Cab driver just said he likes mutual masturbation in the cab. Um
is it true that cum stays in you for 7 years?
that's gum
The working title of my paper? "Tailgating: A Big Clusterfuck of Kids Who Dont Actually Give a Shit about Football"
i just bought plan b at the bus station. happy holidays and welcome to a new level of white trashiness.
They are currently going door-to-door asking the neighbors to donate money for Cheez-Its and gift wrap. They asked me to stay back at the house to make another pitcher of margaritas.
So "Abstinence August" was a bust. Maybe I'll try for "Sex-free September" or "Only if we're facebook official October"
I need to stop drinking and eating and start working out. I look like the lovechild of John Goodman and Jabba the Hutt.
the best part was at the strip club when he said he was "here to pick up my wife. she's up on stage.....wait that's my aunt". only in Ottawa.

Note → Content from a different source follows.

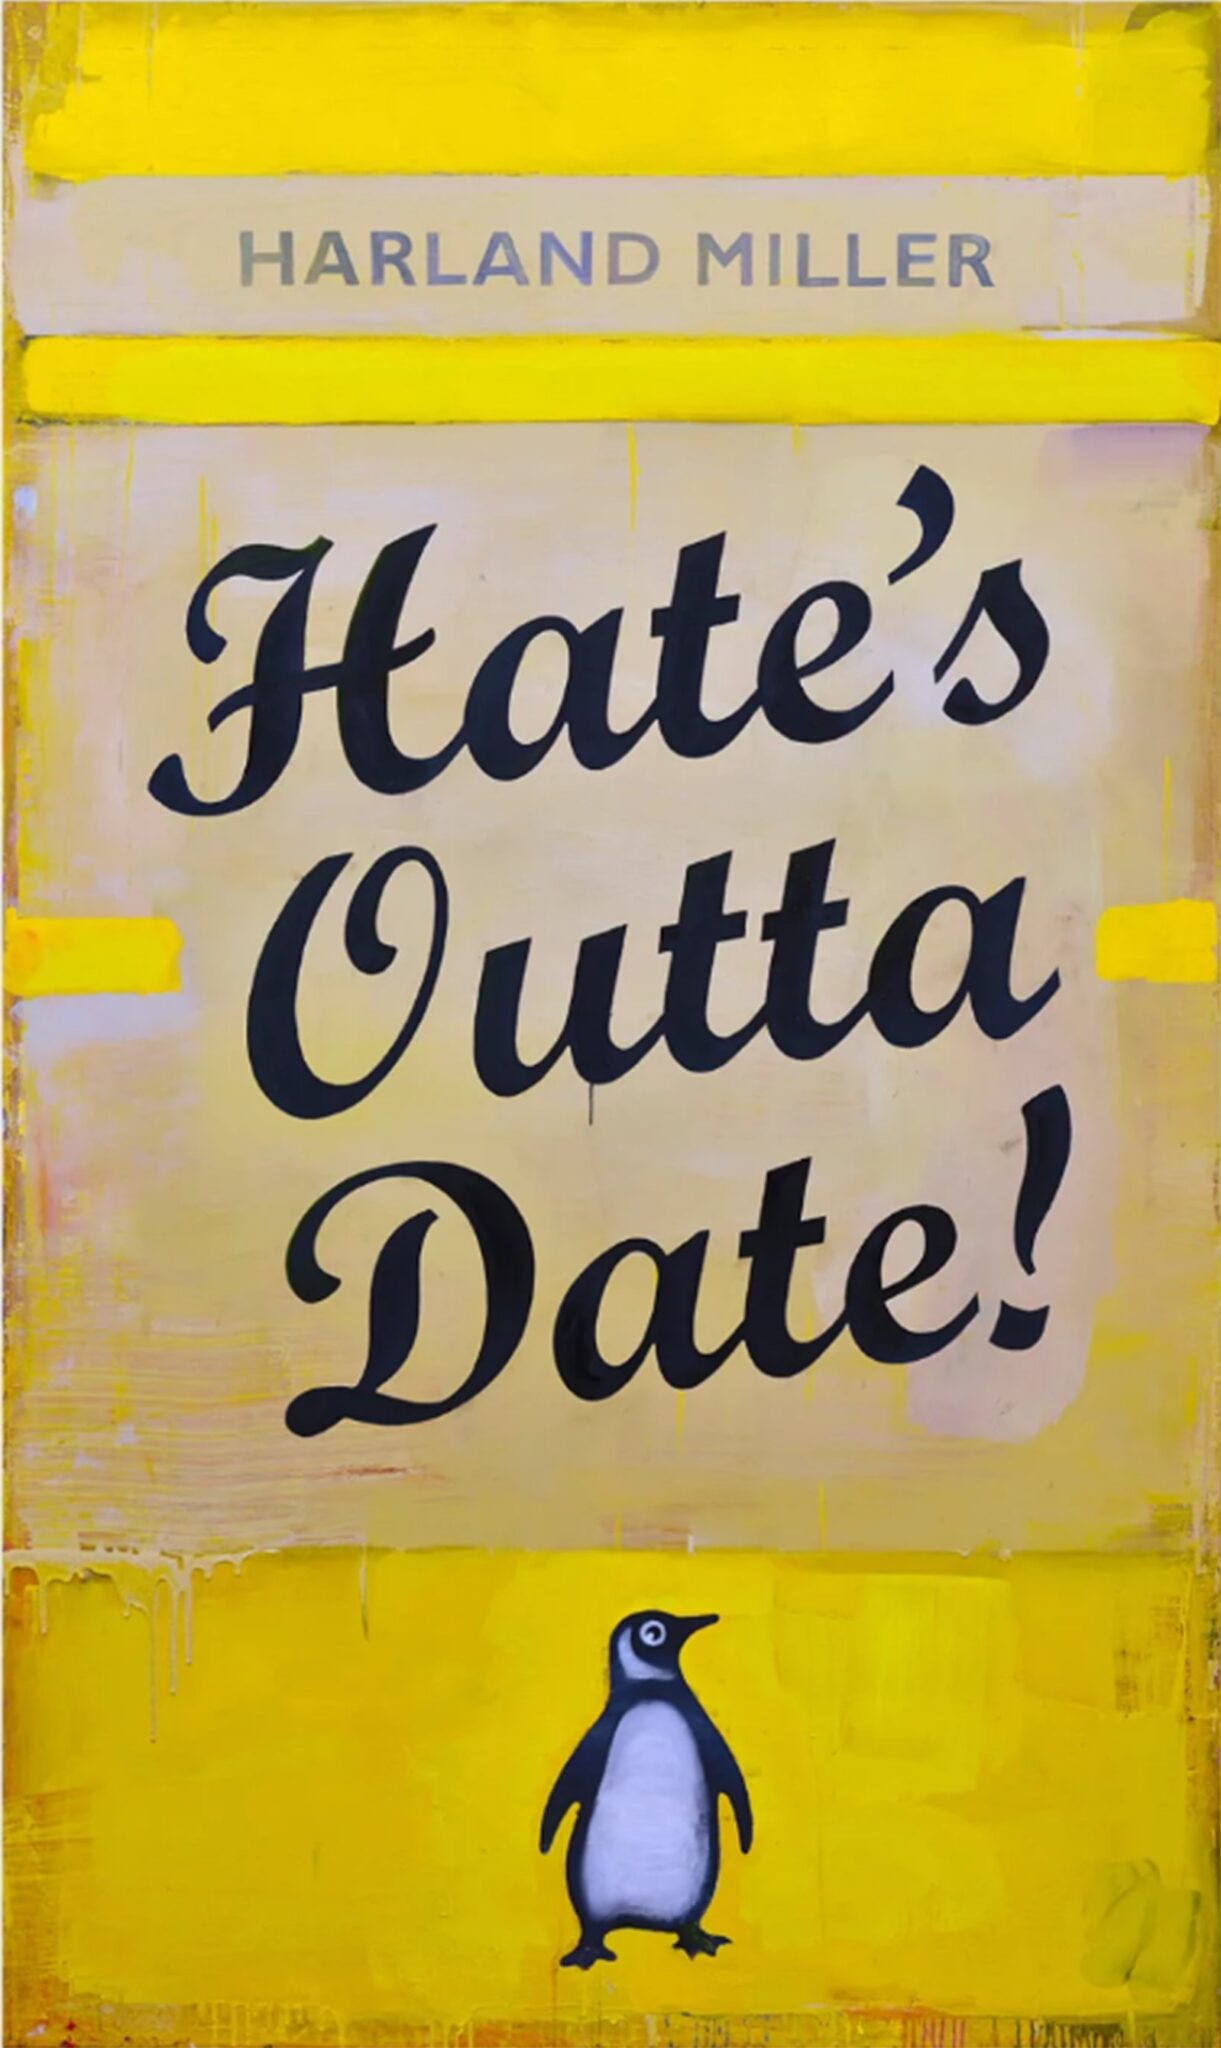 HM Hates outta date

when a dude sends me an unwanted dick pic I just send him a picture of a nicer one. A more photogenic one. A dick with a future.
I don't want to sleep with anyone. I just want a burrito
Well I mean he still had sex with me after I told him that I play fetch with the kids I take care of, so I'm not really looking too far ahead with him...
I have need of you to return home with haste, as I require the magical capsules you possess to relieve the posterior pain I am living. I battle this demon with stubborn grit, however I feel that defeat is on the horizon.
someone stole my phone at the bar last night, naturally, it led to me waking up in the bartender’s bed
I’ve slept with a Senior, a Freshman and a Junior so far. I’m a Sophomore away from hitting for the cycle
The guy i took home was a circus freak. He jerked off 3 times in front me after we had sex. And he came every time.